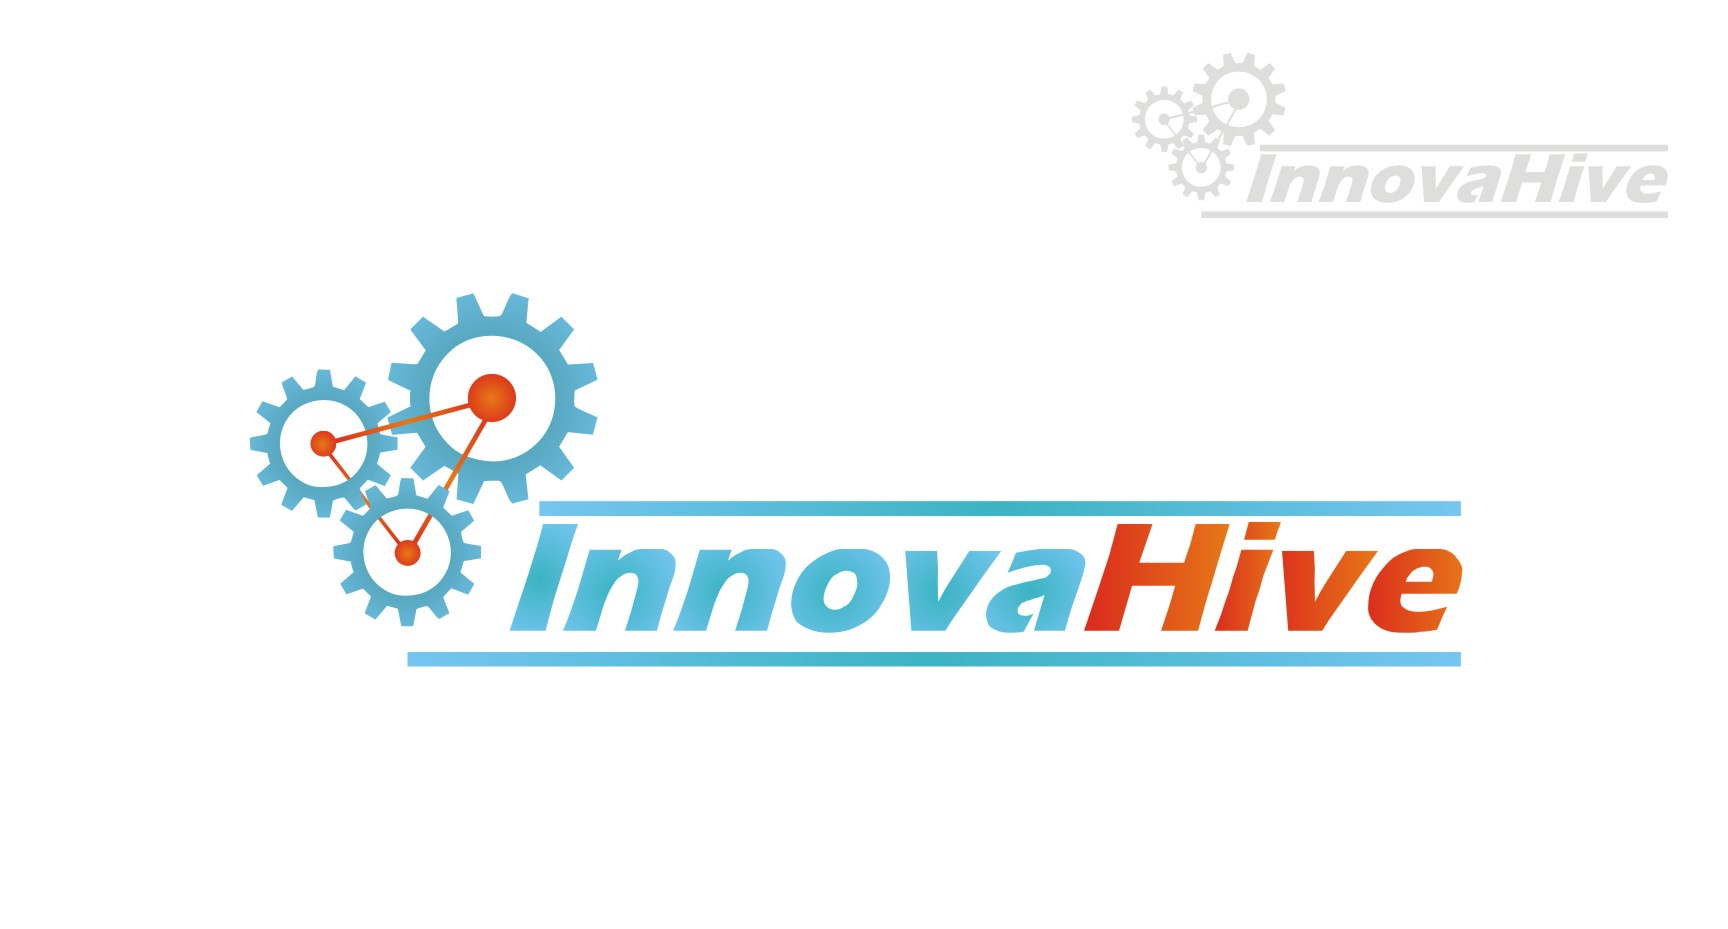 Logo Design by Yuda Hermawan - Entry No. 90 in the Logo Design Contest InnovaHive Logo Design.
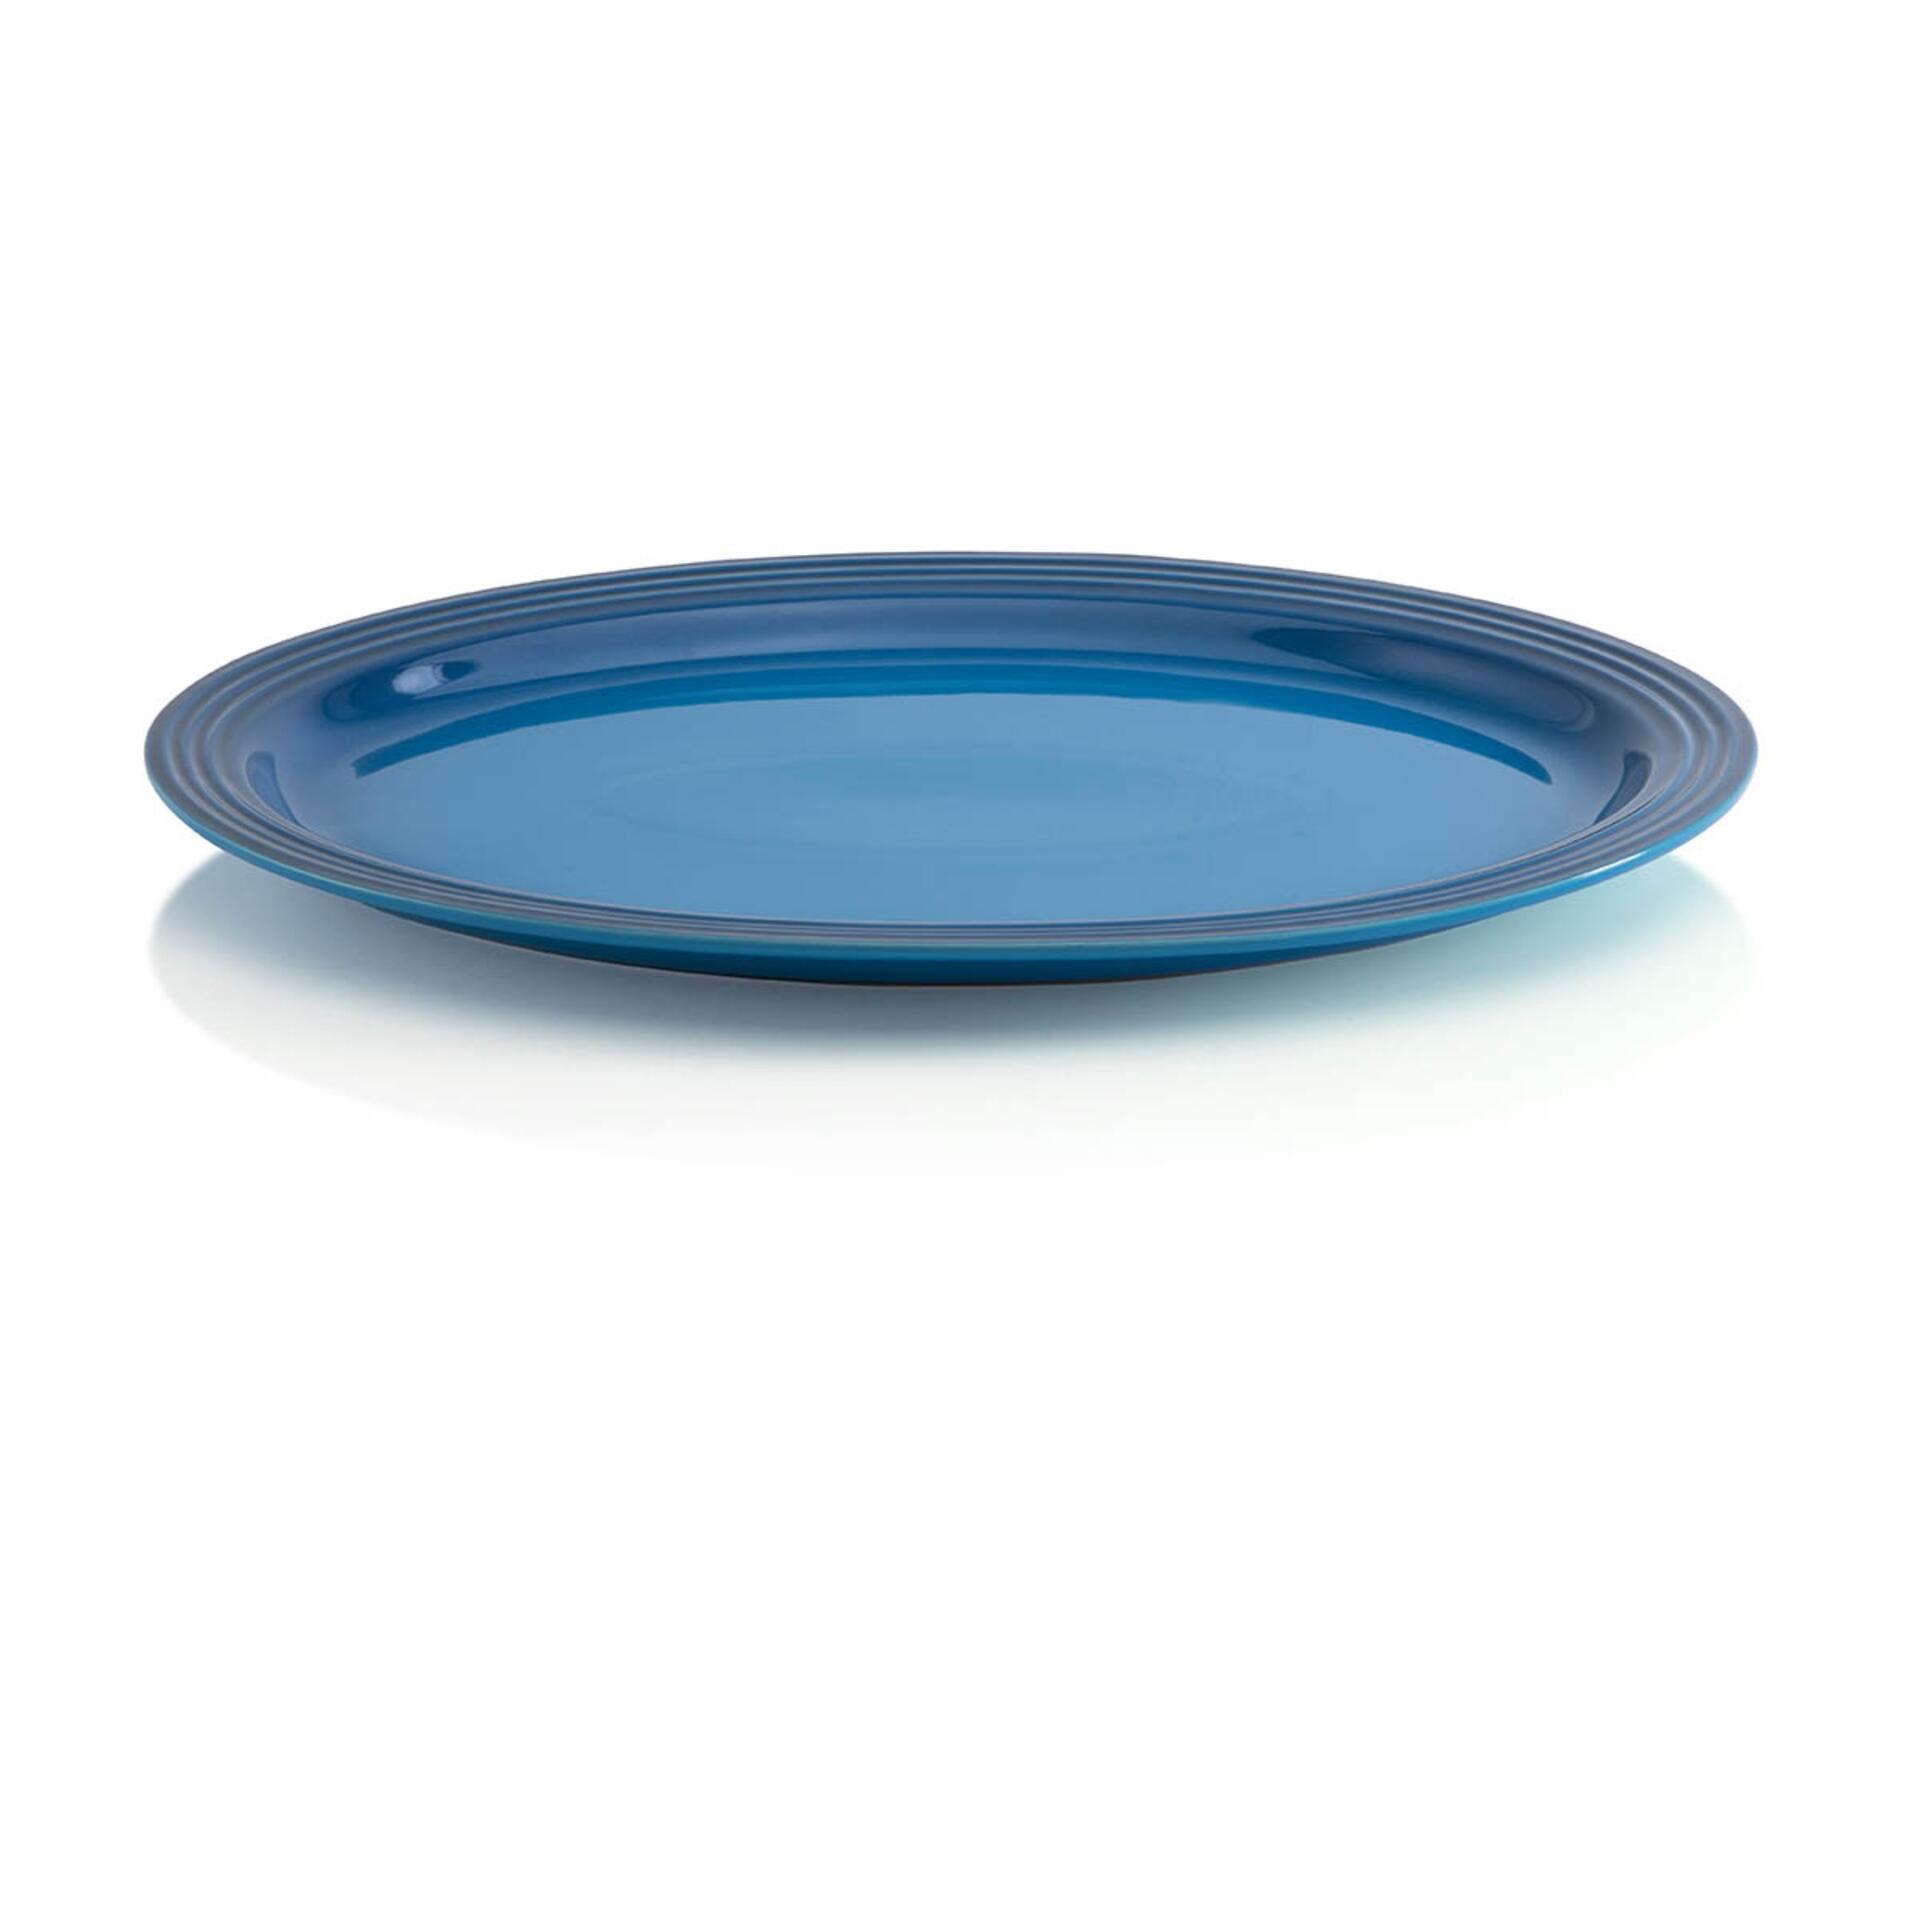 Le Creuset Servierplatte oval 46 cm Marseille
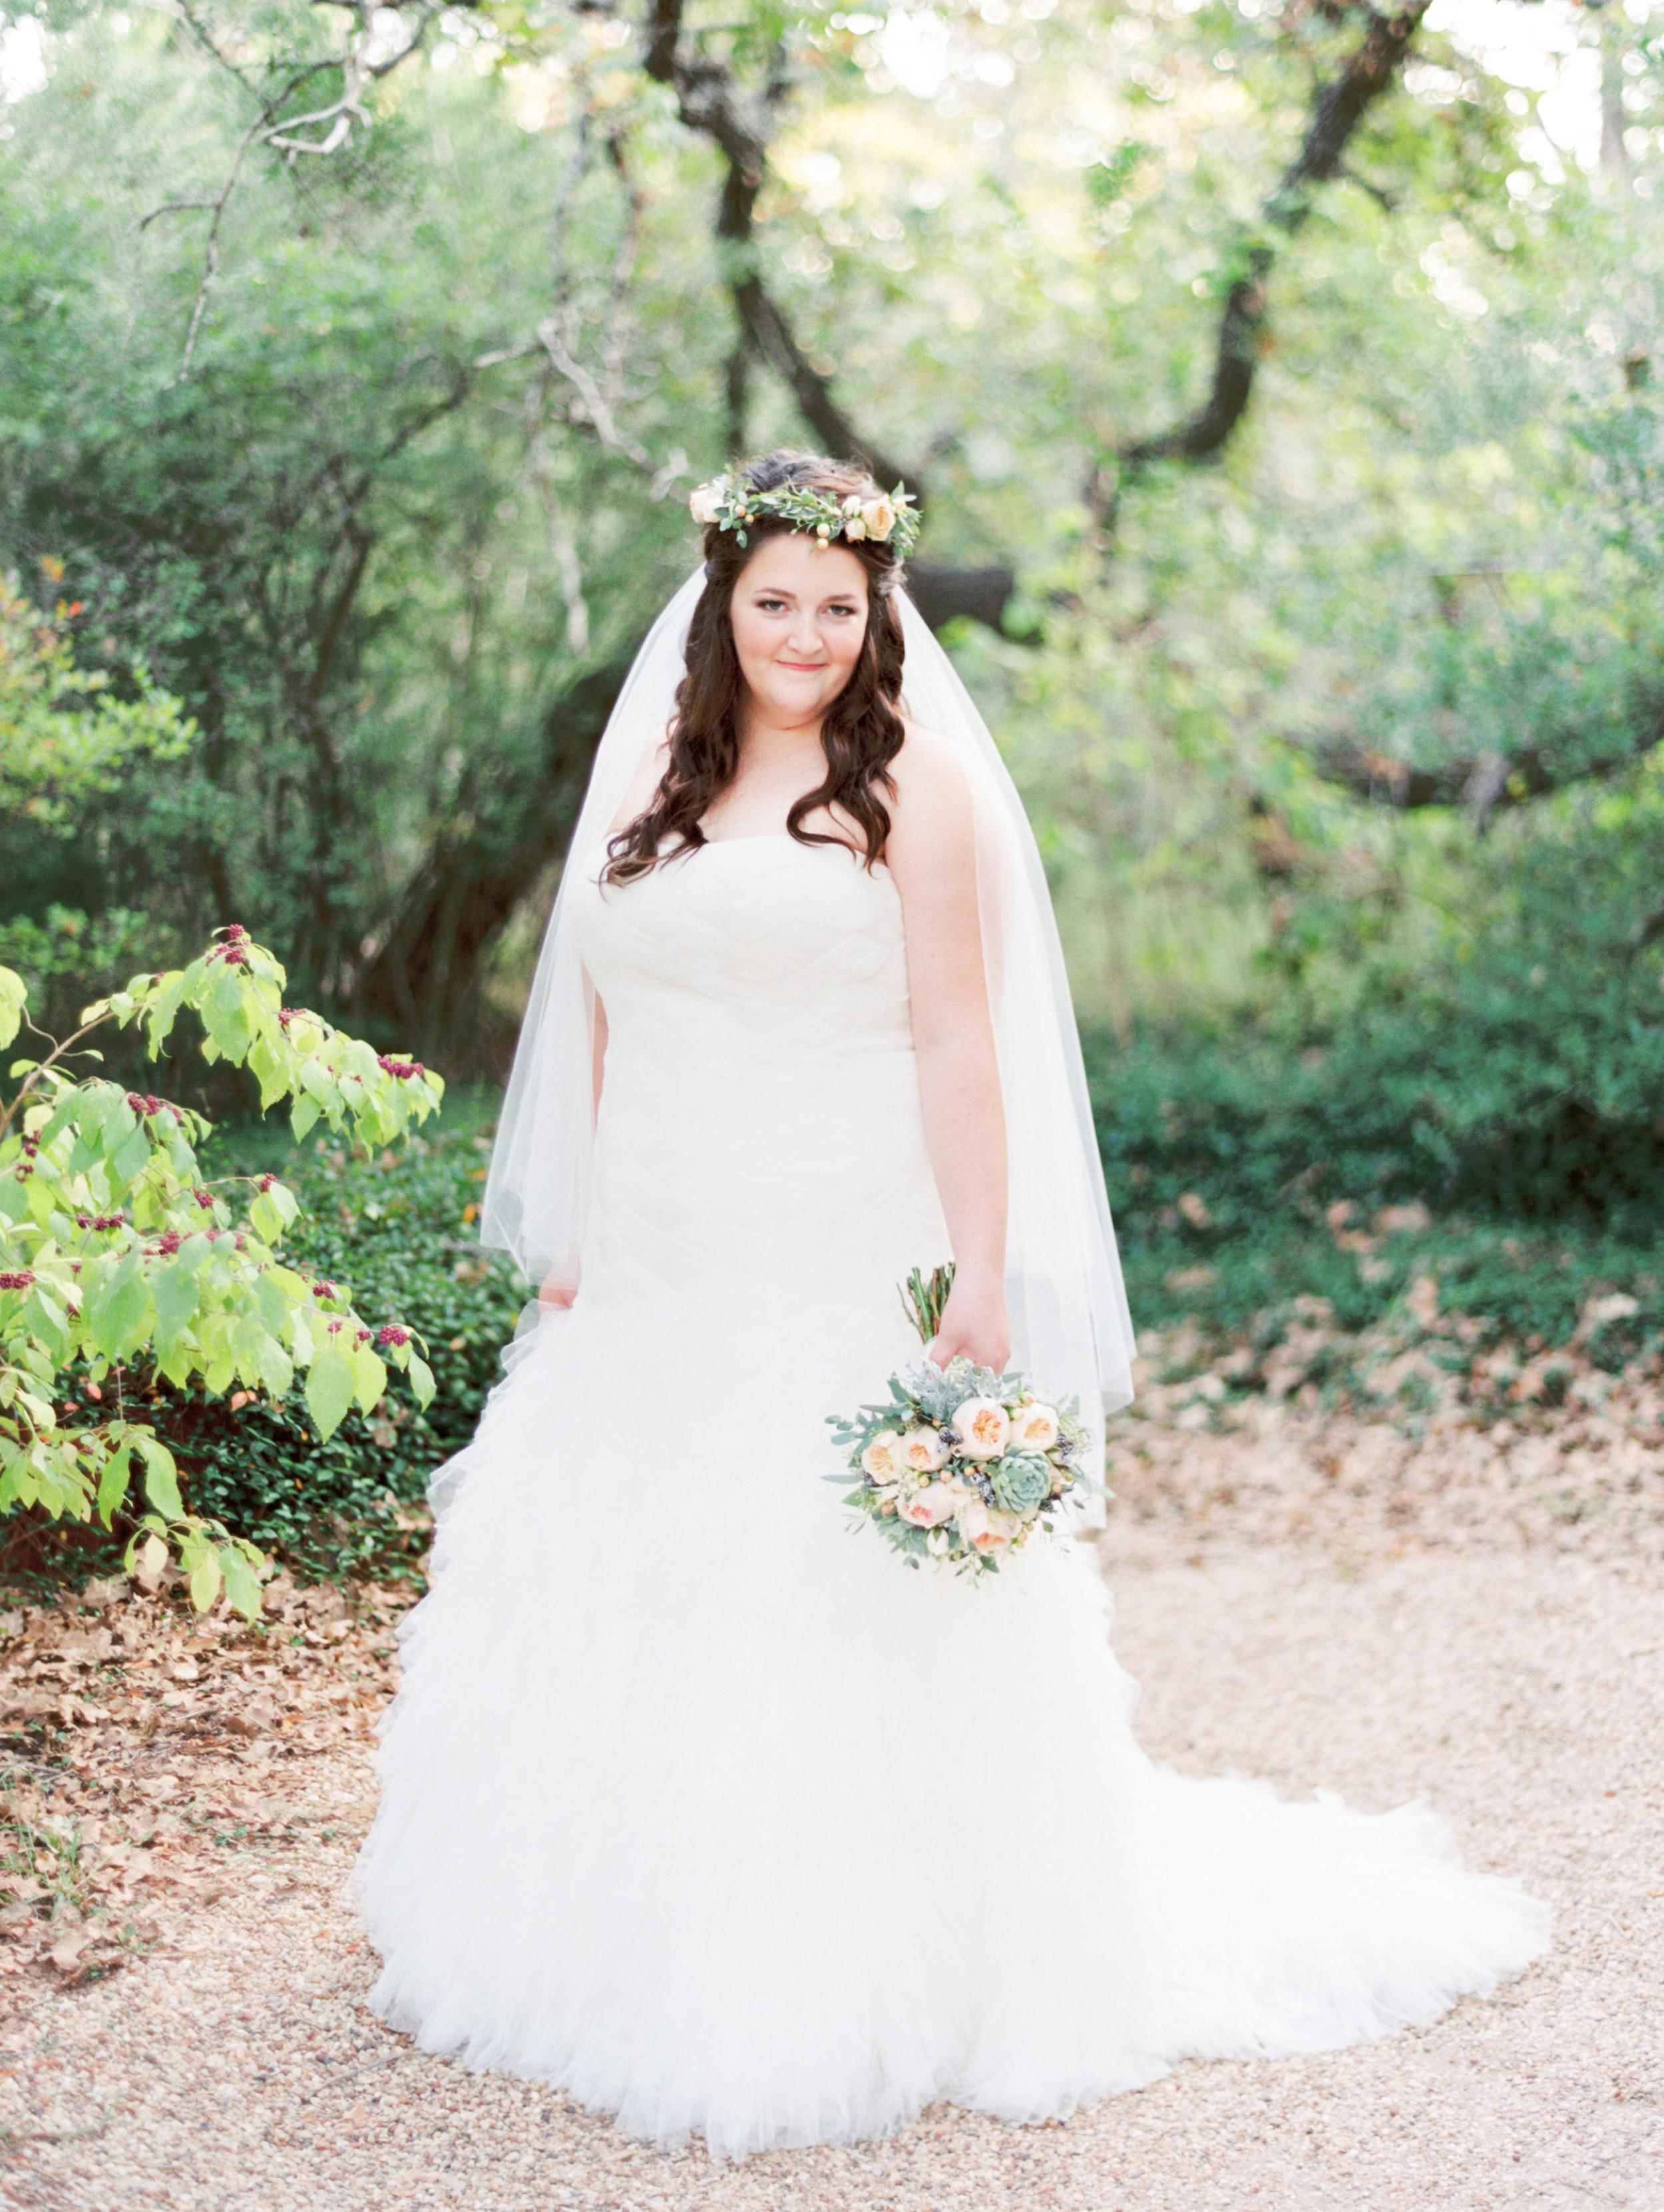 Sarah Best Photography - Elizabeth's Bridals - 7F Lodge-122.jpg

*ACTIVITY*: Without the images, write out each line of the data verbatim.

*RESULT OF THE EXERCISE*:
 Logo Design by Yuda Hermawan - Entry No. 90 in the Logo Design Contest InnovaHive Logo Design.
 Le Creuset Servierplatte oval 46 cm Marseille
 Sarah Best Photography - Elizabeth's Bridals - 7F Lodge-122.jpg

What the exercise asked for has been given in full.